Erfgoedvrijwilliger Oliver Gee: “Het is heerlijk om nieuwe dingen te leren”
Door Lisette Eindhoven
Bij Erfgoedcentrum Zutphen werken vele vrijwilligers. Elke maand vertelt een van hen wat dat voor hem of haar betekent. Deze keer spraken wij met Oliver Gee. Hij zorgt er bij team archeologie voor dat foto’s op de juiste plek in de database terecht komen.

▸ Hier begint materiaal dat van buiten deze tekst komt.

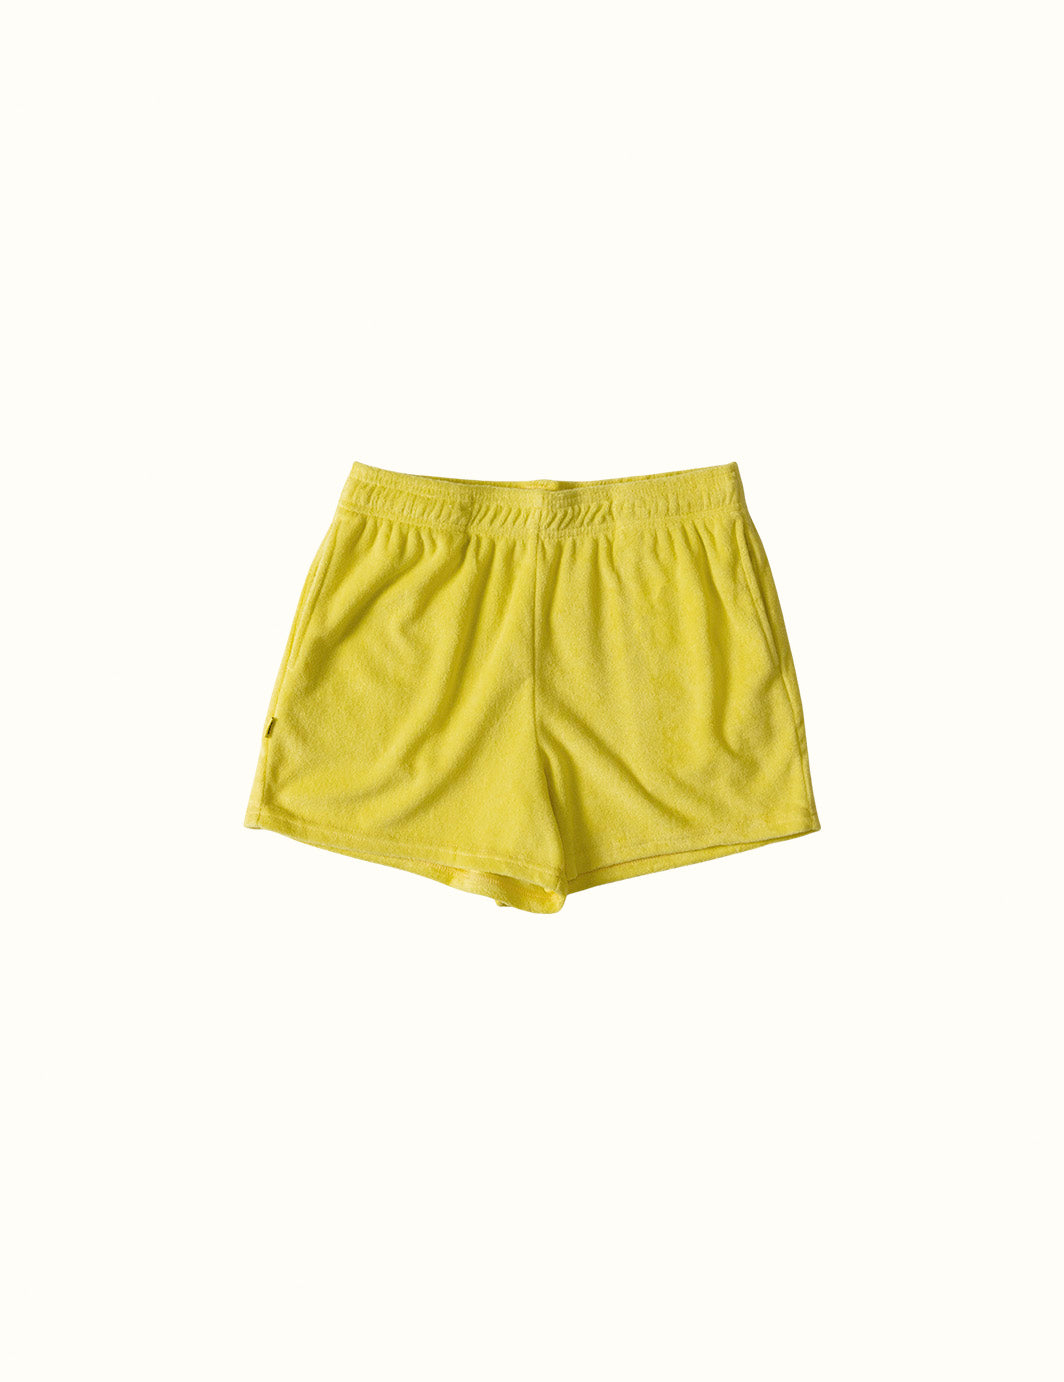 Women's Cabana Shorts, Women's Lounge Shorts, Cabana Shorts

In zijn jeugd vond Oliver Gee het altijd al leuk om bij opgravingen te gaan kijken. “Dan ging ik ‘s avonds nog een keertje langs om te zien wat er boven de grond was gekomen”, zegt Oliver. Op een lezing van Michel Groothedde sprak hij hem aan. “Er bleek geen archeologische vereniging te zijn, maar er waren wel veel vrijwilligers nodig.”
Koppelen
Om naast zijn baan als docent Nederlands en zijn promotieonderzoek naar negentiende-eeuwse literatuur iets heel anders te doen, begon Oliver anderhalf jaar geleden als vrijwilliger bij team archeologie. “Ik heb gepuzzeld met aardewerk en ik heb bij een paar opgravingen meegekeken. Nu koppel ik foto’s van vondsten aan de beschrijvingen in de database. Dat ligt me wel.” Op zijn bureau liggen de voorwerpen en een lijst klaar waarop onder meer de opgravingscode en een fotonummer staan. “Die voorwerpen zijn al ruim twintig jaar geleden opgegraven en beschreven, maar ze zijn pas onlangs gefotografeerd en ik koppel dat nu aan elkaar.”
Duimafdrukken
“Je komt echt allerlei dingen tegen, ik leer heel veel. Inmiddels weet ik de benaming van de onderdelen van een zakhorloge en dat elk onderdeel van een scharnier zijn eigen woord heeft.” Het oudste object waar Oliver mee heeft gewerkt was enkele duizenden jaren oud. “Dat was een groot weefgewicht van klei, bedoeld om de draden van een weefgetouw op zijn plaats te houden. Er stonden duimafdrukken in van de makers, waarschijnlijk als versiering. Een voorwerp aan te raken dat iemand 3500 jaar geleden in de grond heeft gestopt: daarbij voel ik de historische sensatie. Misschien is het een onderdeel van een offer, of een ritueel afscheid. Maar of dat echt zo is?”
Ontspanning
Tijdens het gesprek probeert Oliver wat glasstukjes aan elkaar te passen die op een grote tafel liggen. “Anderen zijn hier veel beter in”, lacht hij. Ook loopt hij even mee met een andere vrijwilliger die bezig is een bosje wilgentakjes schoon te maken en te conserveren. “Er is altijd wel iemand die je bij praat over een vondst.” Oliver vindt het werk met de database tot nu toe het interessantst. “Ik speur graag in de computer en het is leuk om gegevens met elkaar te combineren. Als ik uit mijn werk kom, heb ik te weinig tijd om veel te doen, maar hier in Zutphen kan ik echt ontspannen. Het is heerlijk om nieuwe dingen te leren, school kan soms best een sleur zijn.”
Mispelbloemen
Oliver laat een zakje met vreemdsoortige rotsblokjes zien. “Dit zijn slakken, een restproduct uit de middeleeuwse ijzerproductie. Elke slak is apart beschreven en ik koppel de juiste slakkenfoto aan de bestaande beschrijving. Dat betekent heel goed kijken en vergelijken.” Oliver pakt een andere vondst op en bekijkt het met behulp van de gemaakte foto van verschillende kanten. “Het is ontzettend leuk om zo dichtbij iets uit het verleden te zijn en uit te pluizen wat je precies in handen hebt.” Na wat speurwerk vindt hij de juiste beschrijving. Het is een lakenlood met een afdruk van een zwaard tussen twee mispelbloemen, uit de veertiende eeuw. “Mooi hè!?”